Leukocytoclastic vasculitis is a type of small-vessel cutaneous vasculitis characterized by palpable purpura, that usually starts in dependent areas of the body such as the lower extremities. Studies suggest that it is a type 3 hypersensitivity reaction with immune complex deposition in the vessels of the dermal capillaries and venules [12]. Common triggers include infectious processes, drugs, systemic autoimmune diseases, or malignancies [5]. Skin biopsy is the standard for diagnosis [5]. Characteristic histopathology shows endothelial cell swelling, fibrinoid necrosis, blood vessel degeneration, and neutrophilic infiltrate and debris (leukocytoclasia) [6]. In 2005, Saez et al described the first case of histopathology-confirmed leukocytoclastic vasculitis secondary to linezolid use [13]. Kruzer et al further described a biopsy-confirmed, linezolid-induced leukocytoclastic vasculitis which presented as a purpuric rash 6 days after starting oral linezolid therapy for methicillin-resistant Staphylococcus aureus soft skin tissue infection [12]. As in our case, the corresponding work-up for causes of leukocytoclastic vasculitis was negative, including connective tissue disease and cryoglobulinemia (Table 1). The skin punch biopsy showed a superficial dermal infiltrate of neutrophils with leukocytoclasis, fibrinoid degeneration of blood vessel walls, and erythrocyte extravasation [10], which confirmed medication-induced leukocytoclastic vasculitis. On the other hand, Kim et al [4] also described a non-blanchable, purpuric rash secondary to linezolid use. In this case, histopathology showed a perivascular inflammatory infiltrate composed of lymphocytes, histiocytes, rare eosinophils, and extravasated erythrocytes. As in our case, pathology findings were not consistent with the expected changes of leukocytoclastic vasculitis.

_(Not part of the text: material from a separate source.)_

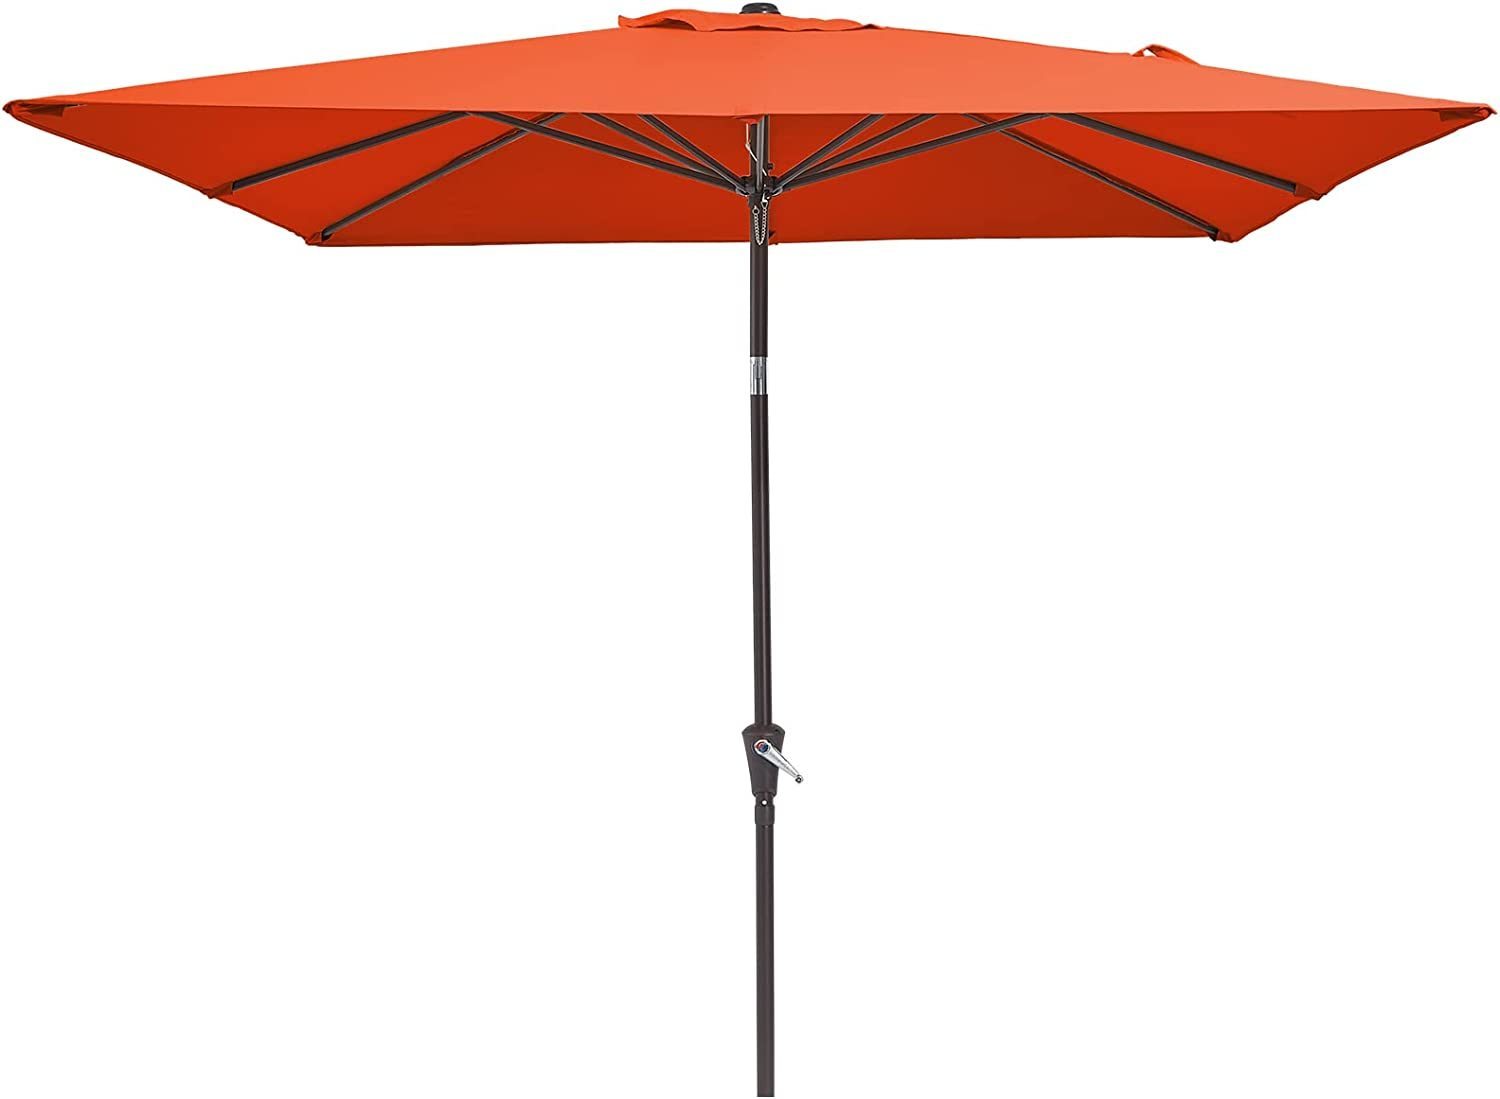 Rectangular-Patio-Umbrella-6.5-ft.-x-10-ft.-with-Tilt,-Crank-and-6-Sturdy-Ribs-ORANGE-Umbrellas-&-Sunshades

Even though our patient did have purpuric lesions in the lower extremities, he did not present any non-blanching purpuric papules (palpable purpurae), vesicles, or necrosis as can be seen clinically with leukocytoclastic vasculitis. Due to the previously described skin eruption and a histopathology of a perivascular lymphocytic infiltrate with eosinophilic predominance, the diagnosis of purpuric drug reaction secondary to linezolid use was made. To our knowledge, this would be the second report of a non-blanching purpuric drug eruption to linezolid as previously described by Kim et al [4]. Rapid identification of the predisposing agent causing the drug eruption and its discontinuation due to the patient’s symptoms, followed by immediate treatment, led to a successful, full recovery in our patient.

Conclusions

Cutaneous adverse drug reactions to linezolid have been scarcely reported in the available literature. Due to the low incidence of this manifestation, the identification of the causative agent and accompanying treatment may be delayed. Further, there are no concrete guidelines on how to treat this complication. Mainstays in therapy are avoidance of the offending agent and treatment with corticosteroids, antihistamines, barrier ointments, and oral analgesics. Primary healthcare providers should be aware of linezolid-induced cutaneous manifestations, diagnostic clues, and treatment options so they can rapidly identify and effectively treat such complications.